Vasoplegic Syndrome in Cardiac Surgery: Bridging Therapeutic Gaps with Best Practices and Future Research

Vasoplegic syndrome (VS) represents a significant clinical challenge in cardiac surgery, particularly in procedures involving cardiopulmonary bypass (CPB). Characterized by profound vasodilation, hypotension unresponsive to catecholamines, and high cardiac output with low systemic vascular resistance, VS is a life-threatening condition that can drastically increase patient morbidity and mortality.

This editorial by Unic-Stojanovic et al. published in Interdisciplinary CardioVascular and Thoracic Surgery outlines the current landscape of VS diagnosis, treatment, and research. The syndrome lacks a universally accepted definition, which complicates the identification of its true incidence and effective therapeutic pathways. Often occurring within the first 24 hours post-surgery, VS may be mistakenly attributed to common transient hypotension at CPB initiation. However, true VS involves deeper pathophysiological mechanisms that require prompt and specialized management.

Multiple patient-specific and surgical risk factors contribute to VS. Advanced age, anemia, renal dysfunction, sepsis, and preoperative use of drugs such as ACE inhibitors and beta-blockers are prominent contributors. Surgical complexities including prolonged CPB, redo surgeries, and extensive cross-clamp times further elevate the risk.
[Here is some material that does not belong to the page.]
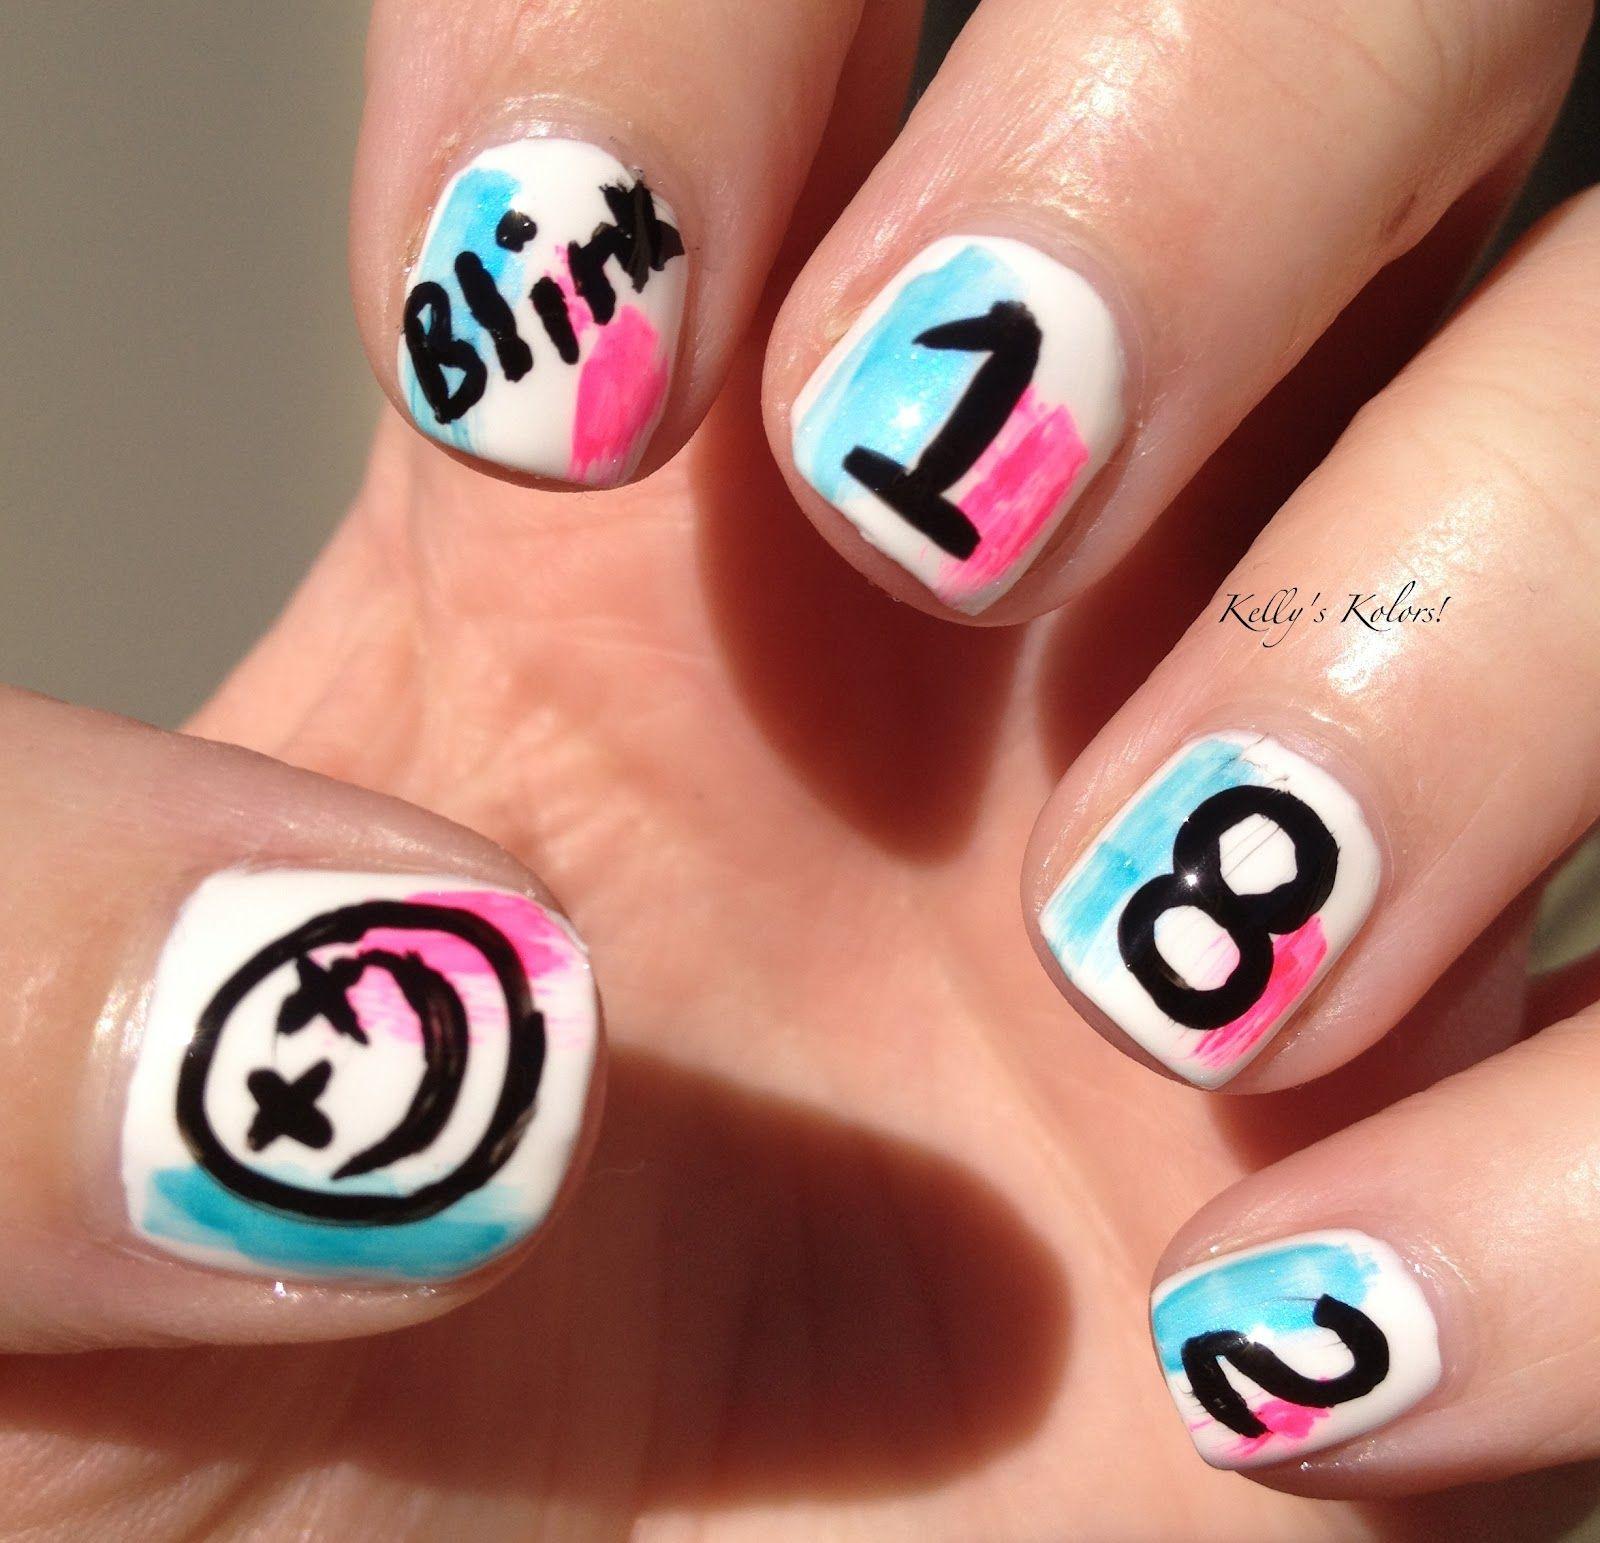 Blink-182 Nail Art, true fan would do this | Hair & Beauty ...
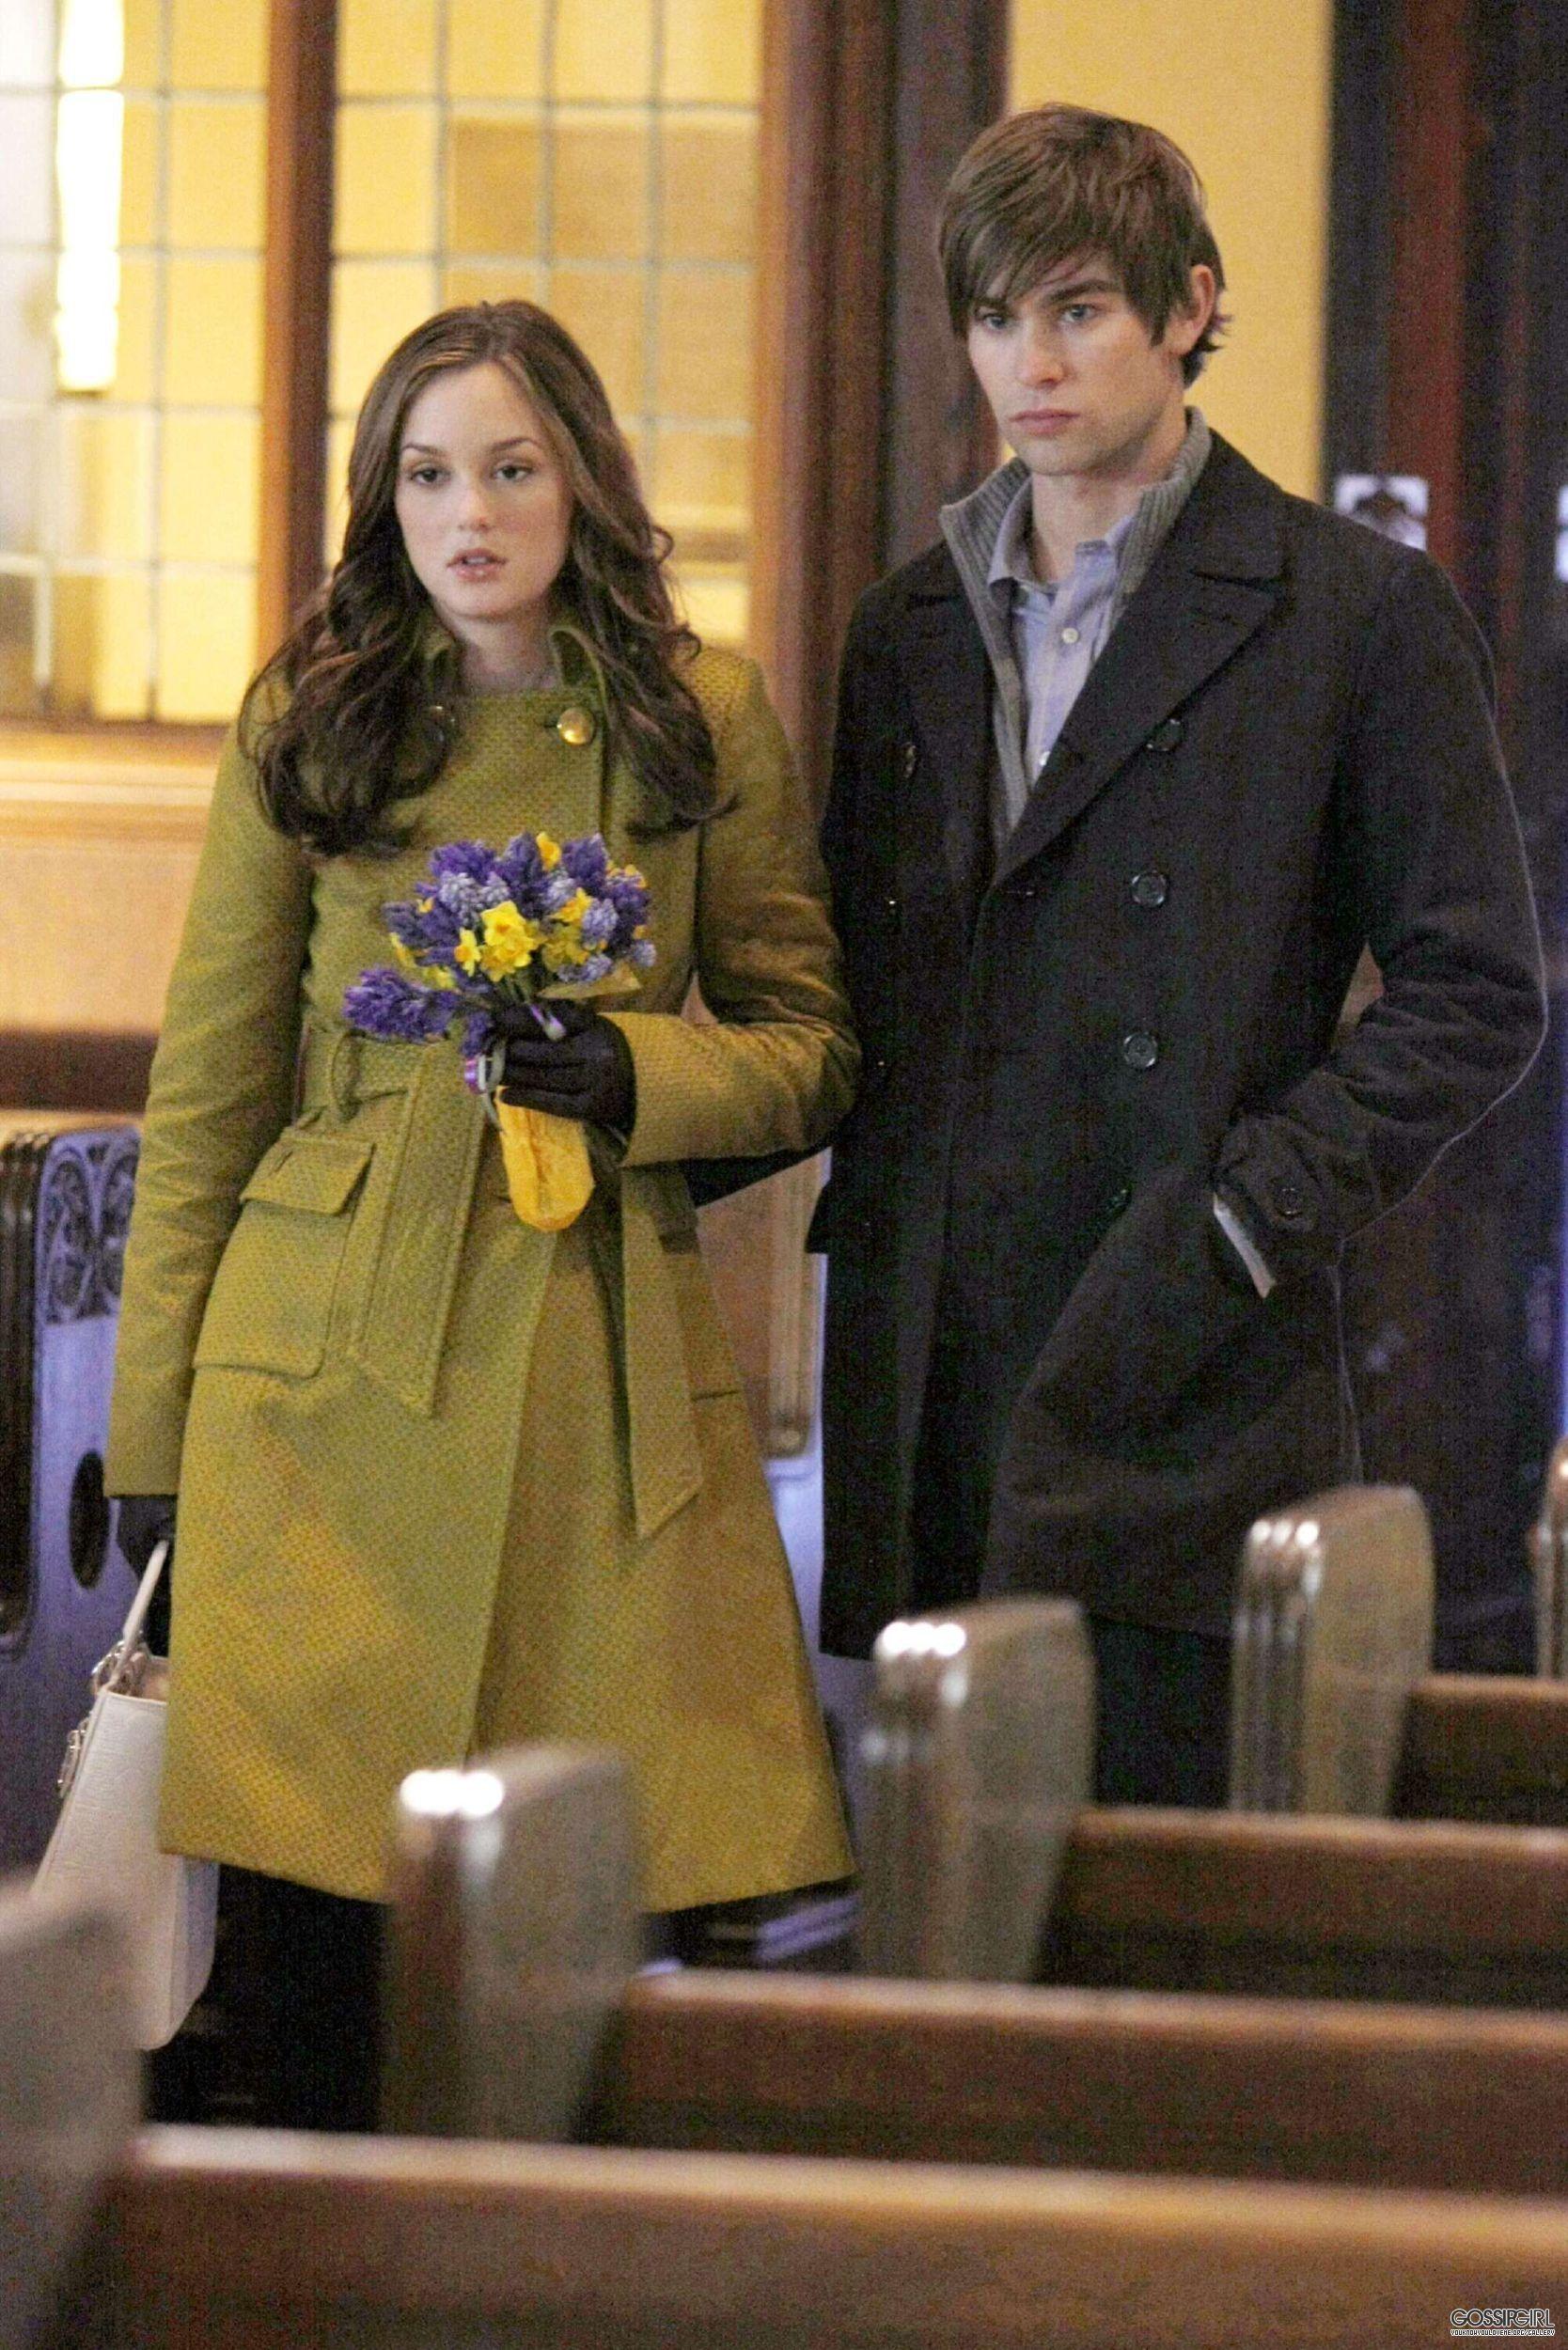 Gossip Girl Season 2. Blair Waldorf, Nate Archibald.

Pathophysiologically, VS is driven largely by an inflammatory cascade initiated during CPB. The activation of inducible nitric oxide synthase (iNOS) leads to an overproduction of nitric oxide (NO), stimulating cyclic guanosine monophosphate (cGMP) pathways and resulting in persistent vasodilation. This not only impairs vascular tone but also creates resistance to standard vasopressor therapy. Additional mediators such as prostacyclins, endotoxins, and oxidative stress compounds exacerbate the situation.

The article underscores the need for early diagnosis and intervention, but current scoring systems and clinical guidelines are insufficiently developed. Standard treatment still relies on high-dose catecholamines like norepinephrine and dopamine. However, these agents can lose efficacy over time and pose risks including arrhythmias, myocardial ischemia, and compromised end-organ perfusion.

Amid growing interest in alternative treatments, methylene blue has emerged as a particularly promising agent. A unique pharmacologic profile allows methylene blue to inhibit both iNOS and guanylate cyclase, thereby suppressing NO synthesis and limiting cGMP-mediated vasodilation. Importantly, it also restores responsiveness to catecholamines. A recent meta-analysis highlighted its superiority in reducing mortality risk compared to other non-catecholamine agents like vasopressin and angiotensin II.

Despite its promise, methylene blue’s clinical utility remains underexplored due to the limited size and design quality of existing trials. Some studies support prophylactic use in high-risk patients, while others restrict it to rescue therapy. Regulatory guidelines are beginning to reflect its potential; the 2024 EACTS/EACTAIC/EBCP Guidelines gave methylene blue a Class IIa, Level B recommendation for treating VS in adults undergoing cardiac surgery.

The article also delves into other adjunctive therapies, such as hydroxocobalamin, ascorbic acid, corticosteroids, and calcium supplementation, all of which play roles in restoring vascular tone and improving vasopressor efficacy. However, each has limitations and possible adverse effects ranging from serotonin syndrome (in the case of methylene blue combined with serotonergic drugs) to renal impairment and hemolytic anemia.

An additional concern addressed is the monitoring of adverse effects and drug interactions. Methylene blue, for example, can interfere with pulse oximetry and blood gas analyzers, while also posing risks like methaemoglobinaemia and rebound hypotension. These considerations emphasize the need for cautious and individualized application of therapy.

In terms of future directions, the authors advocate for large-scale, double-blind randomized controlled trials to firmly establish methylene blue’s efficacy, optimal dosing strategies, and long-term safety profile. They also call for a standardized, consensus-based definition of VS to unify diagnostic and treatment approaches globally. Enhanced risk stratification tools could help personalize perioperative care and preemptively identify high-risk patients.

In conclusion, vasoplegic syndrome remains a complex and serious postoperative complication in cardiac surgery. Methylene blue offers a biologically plausible and increasingly evidence-supported intervention that merits broader clinical adoption and further rigorous study. As cardiac surgeries grow more complex and patient populations more vulnerable, refining VS management protocols becomes ever more critical to improving outcomes in cardiovascular care.

Study Ranking
4
(High Quality) This article synthesizes current evidence and integrates data from meta-analyses and clinical guidelines. Although not a randomized clinical trial itself, it provides a comprehensive and evidence-informed overview, making it a high-quality reference for clinicians.